When the transaction is generated in the leader, a transaction identifier (zxid) is created which is used to sequence the order of operations. zxid is also used in leader election, where-in servers exchange zxids to figure out the server which has seen the latest transactions.

A zxid consists of two components: one being the counter which increments for every transaction and the other being the epoch. This epoch is incremented every time when leader election takes place. This helps associate a particular transaction with a leader epoch.

Once the transaction id is generated by the leader, it applies the transaction locally. It updates the in-memory DataTree and also appends the transaction to the transaction log.

Zookeeper ensures that writes are idempotent and atomic by making sure that transactions do not interfere with other transactions.

Write operations are Linearizable in Zookeeper. Writes should be acknowledged by a quorum of servers before returning a successful response to the client.

Zookeeper uses ZAB protocol which stands for Zookeeper Atomic Commit Protocol to make this happen which is essentially a two-phase commit.

Once the leader applies the changes locally, the following steps are initiated using ZAB protocol to ensure writes are persistent on a quorum of servers

The leader sends a PROPOSAL which includes the transaction generated by the leader to all of its followers.
Once the follower receives the PROPOSAL from the leader, they apply the transaction locally to its DataTree and transaction log and sends an ACK signal to the leader confirming the acknowledgment of the proposal.
Once the leader receives the ACK signal from a quorum of servers, it sends a COMMIT request to followers which includes the zxid to commit the transaction and make it visible to clients.

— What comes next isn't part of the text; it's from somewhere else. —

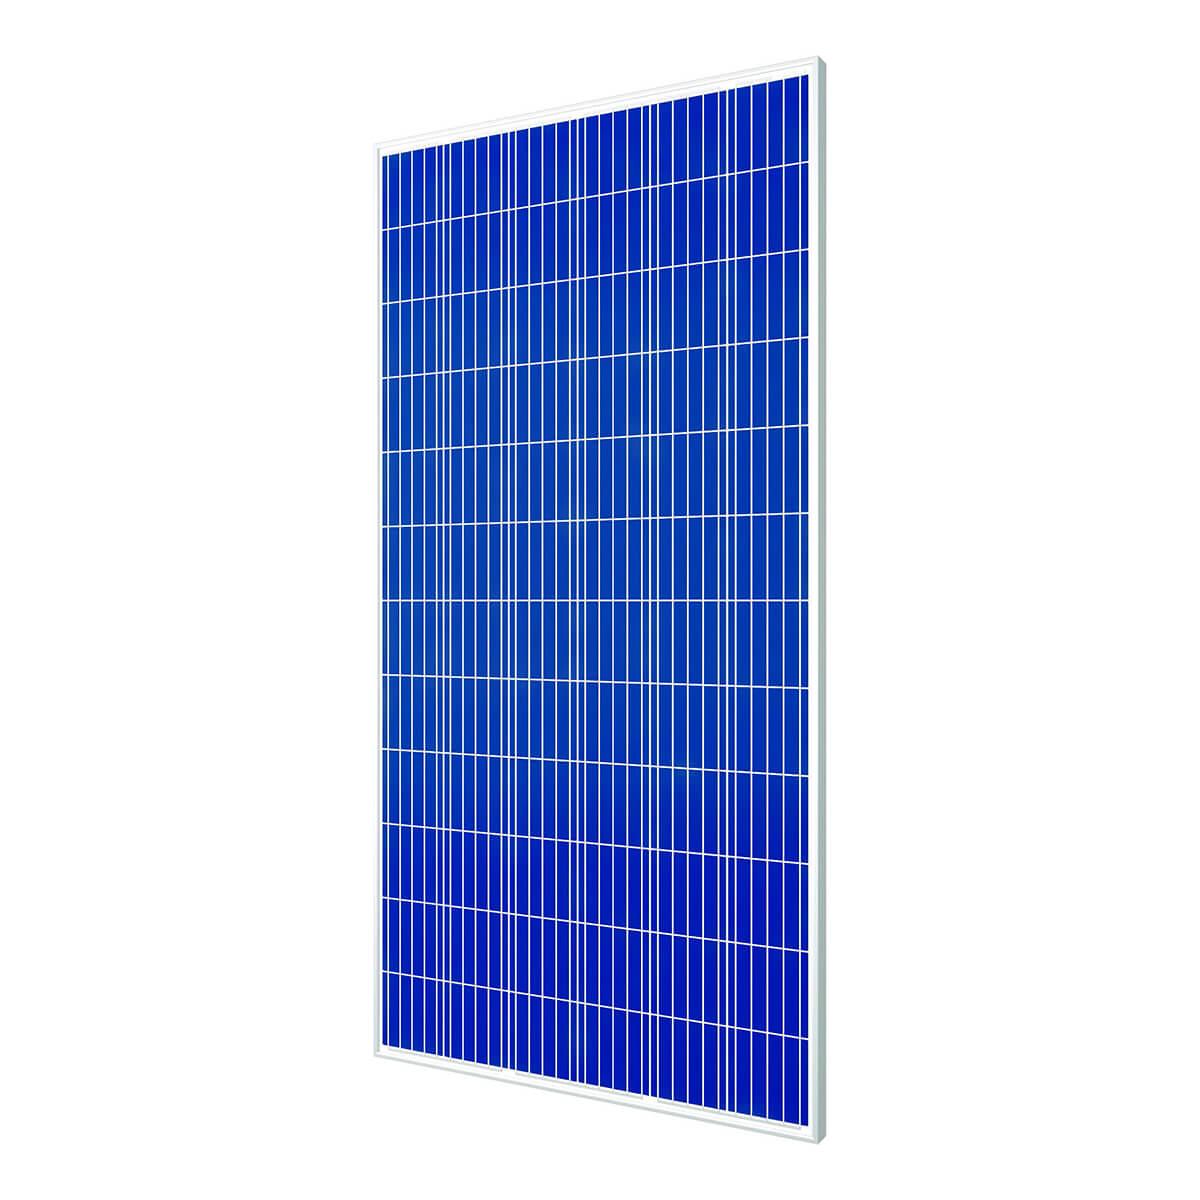 tommatech 340W panel, tommatech 340Watt panel, tommatech 340 W panel, tommatech 340 Watt panel, tommatech 340 Watt polikristal panel, tommatech 340 W watt gunes paneli, tommatech 340 W watt polikristal gunes paneli, tommatech 340 W Watt fotovoltaik polikristal solar panel, tommatech 340W polikristal gunes enerjisi, tommatech TT340-72P-340W panel, TOMMATECH 340 WATT

Image credits: http://www.corejavaguru.com/bigdata/zookeeper/internals

ZAB provides the following list of guarantees

If a transaction X is committed by one server, then all other servers must also commit the transaction X. This is called dependable delivery.
If the leader proposes X and Y in the same order, each server must commit the transaction X before committing transaction Y. This property is referred to as casual order maintenance.
If a transaction X gets committed before a transaction Y by some server, then the same order will have to be replicated by all the servers. This property is called total ordering
A newly elected leader should have committed all transactions that will ever be committed from previous epochs before it starts broadcasting new transactions. This is possible by having suitable quorum where-in there will be at least one server which intersects between the previous and new epoch
At no point in time will two servers have a quorum of supporters thereby avoiding split-brain scenarios where-in two servers assume they are the leaders and make progress leading to data inconsistencies.

Unlike a follower, observers learn about the proposals that have been committed via INFORM messages which include the complete proposal.

Once the write is durable across the quorum of servers, the leader checks if there are outstanding watches that need to be triggered using the WatchManager data structure.

If there are watches that need to be triggered, it generates a notification that gets propagated to the client by using session information that is stored alongside DataTree.

The session information includes the connection information between the client and the server. The leader serializes the WatchEvent and sends it over the wire through the respective channel of followers to the client. The ZooKeeper client library receives the serialized version of the watch event, transforms it back to a watch event, and propagates it to the application.

Conclusion

This completes the article on the fundamentals and architecture of Zookeeper, their workings and interactions, and how Zookeeper handles read and write operations.

For a more in-depth understanding of the internals of Zookeeper, would suggest downloading and tracing the source code of Zookeeper as it is simple to follow.